-- Task to complete --
Render every line of the data exactly as written, and leave out the pictures.

-- Provided data --
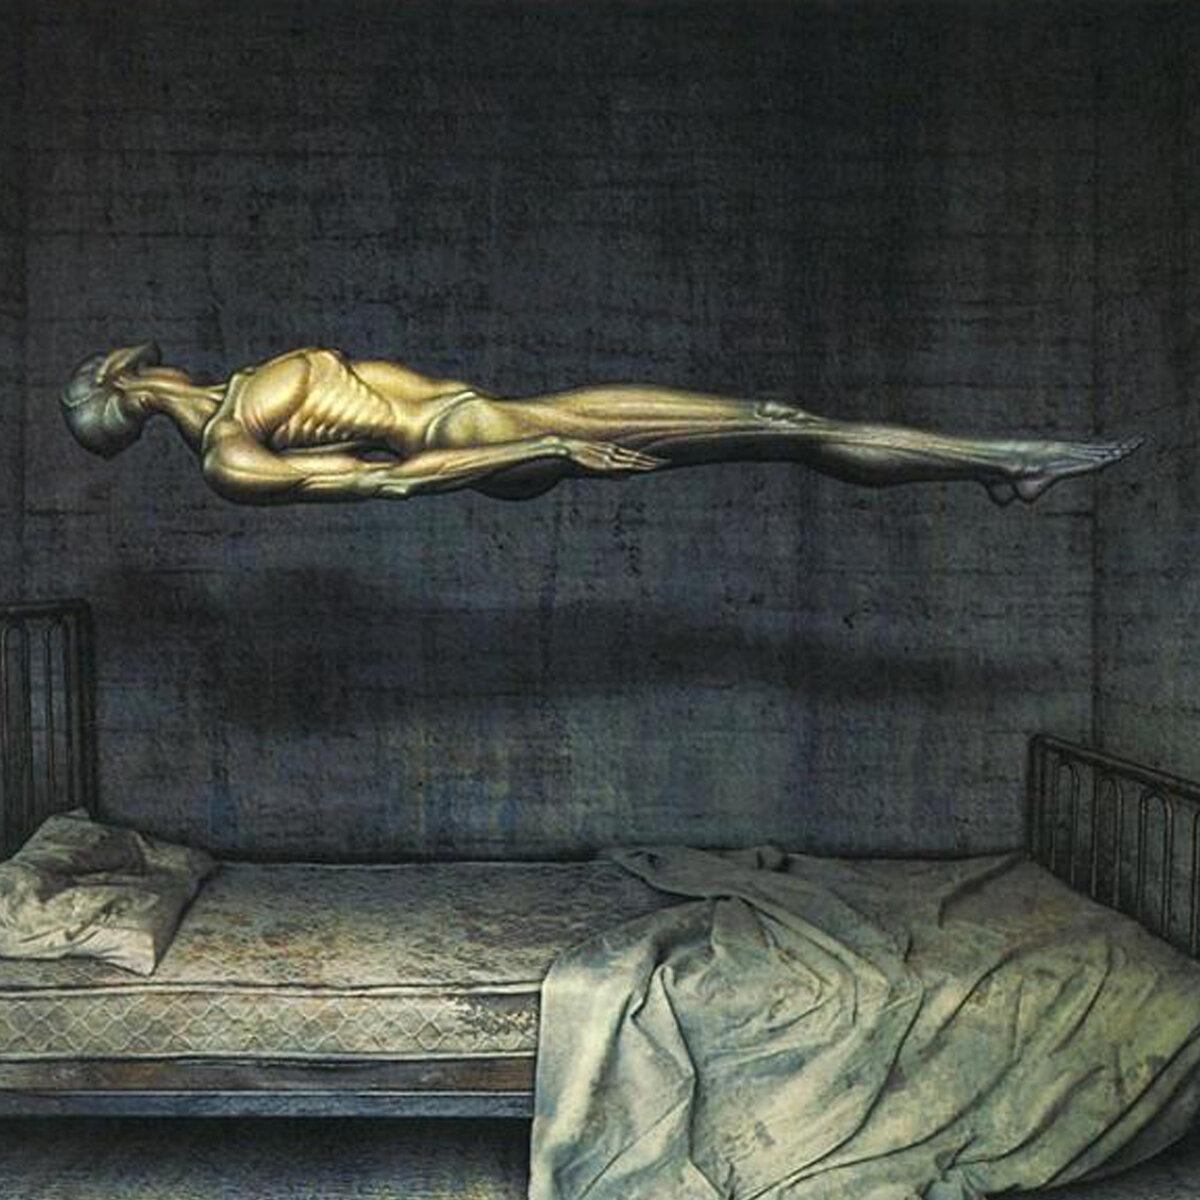 Состояние канашибари (сонный паралич), которым пользуются пришельцы для похищения людей
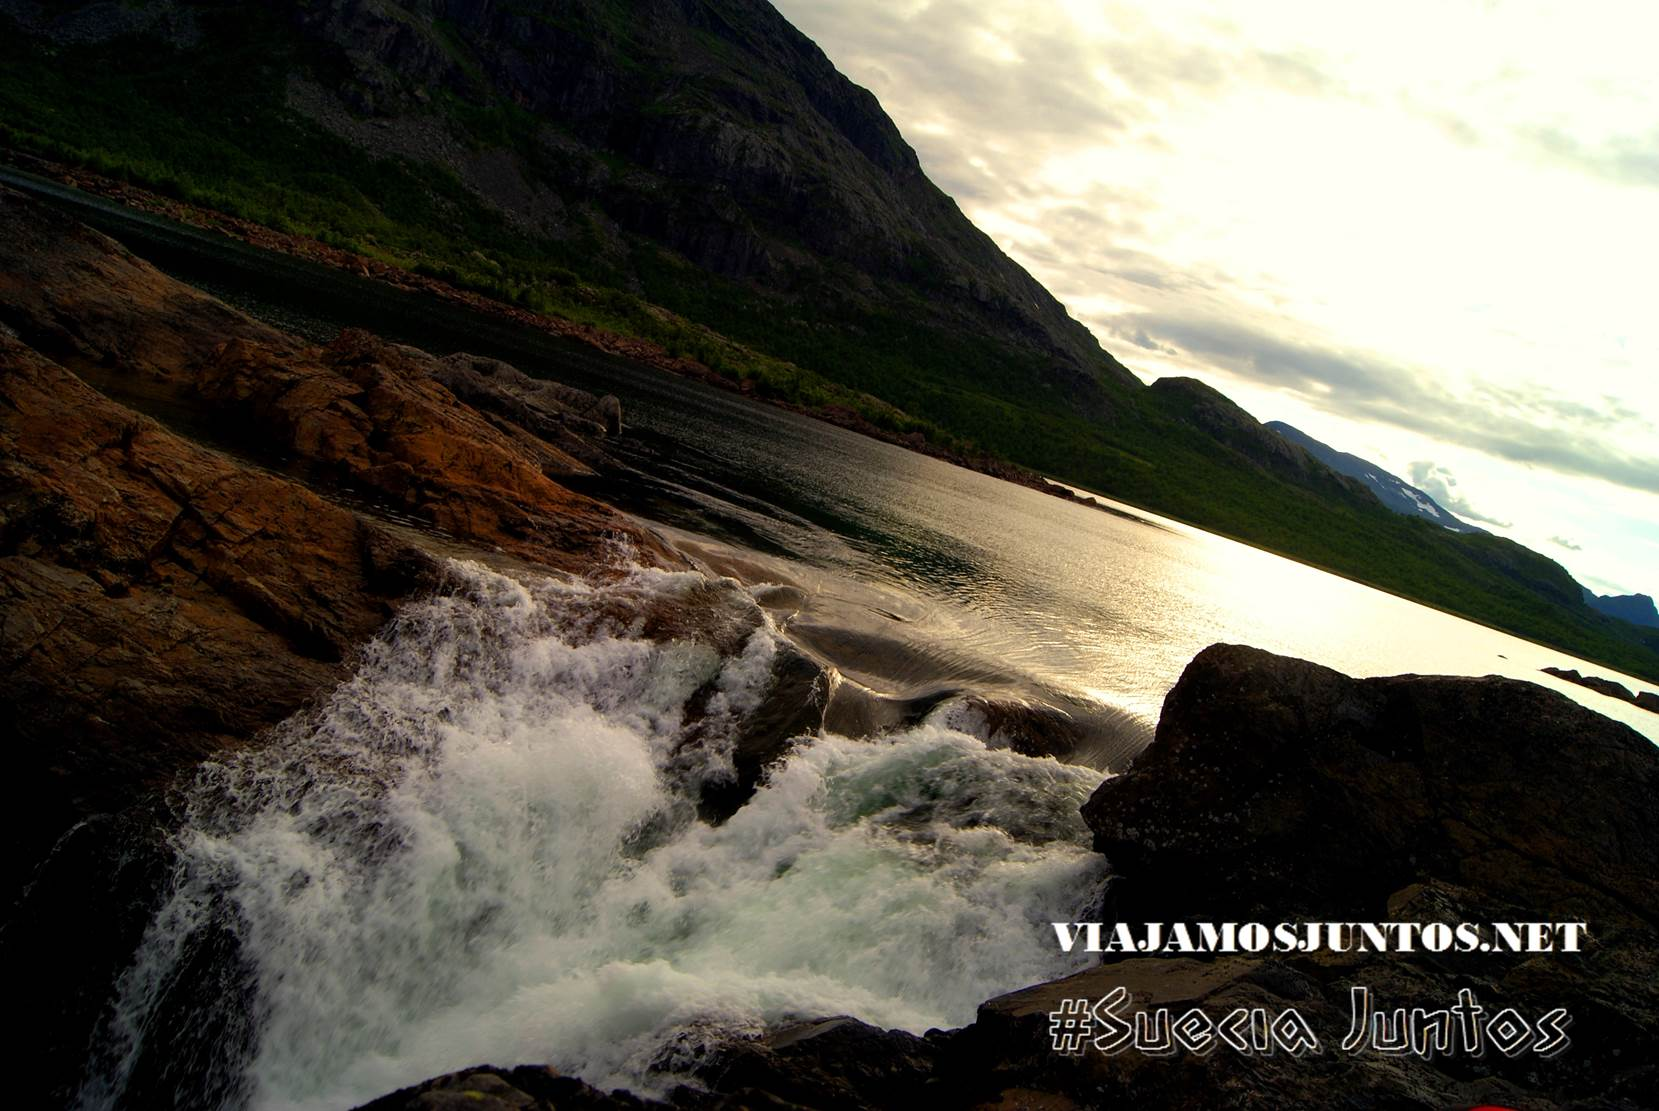 Suecia, naturaleza, viajar por libre, vistas, paisajes, Laponia Sueca, inspiración, información práctica, tips, consejos, viajar por libre, alojamiento, diario, viajar en coche, Ritsem
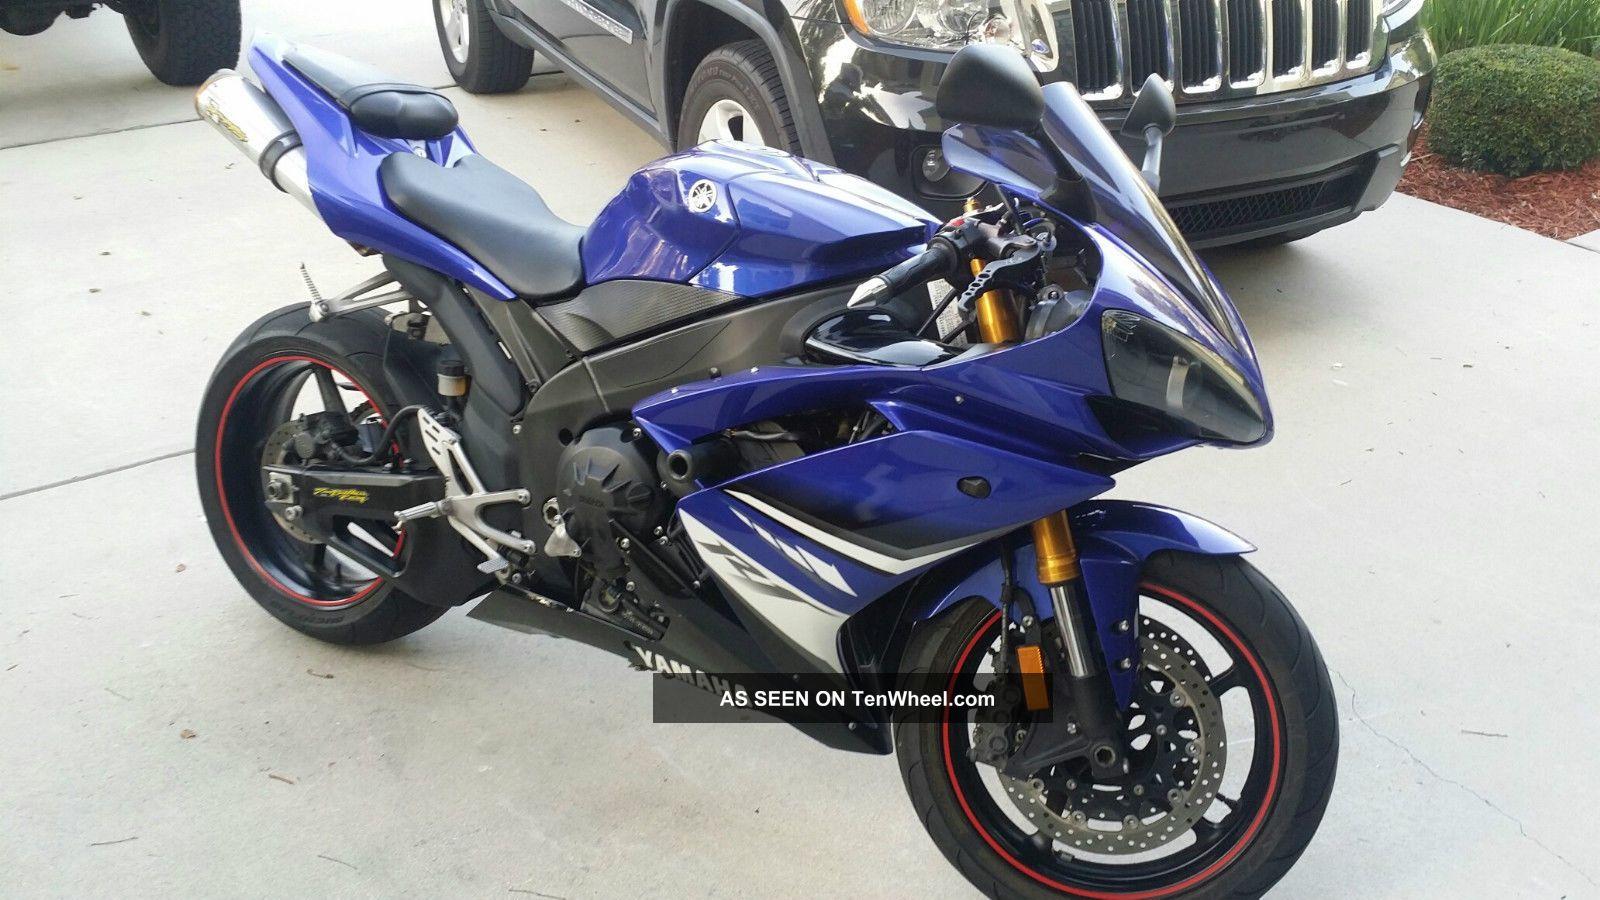 2008 Yamaha R1 (not Suzuki,  Cbr,  Kawasaki,  Zx10,  Ducati) YZF-R photo

-- Finished task --
 Состояние канашибари (сонный паралич), которым пользуются пришельцы для похищения людей
 Suecia, naturaleza, viajar por libre, vistas, paisajes, Laponia Sueca, inspiración, información práctica, tips, consejos, viajar por libre, alojamiento, diario, viajar en coche, Ritsem
 2008 Yamaha R1 (not Suzuki,  Cbr,  Kawasaki,  Zx10,  Ducati) YZF-R photo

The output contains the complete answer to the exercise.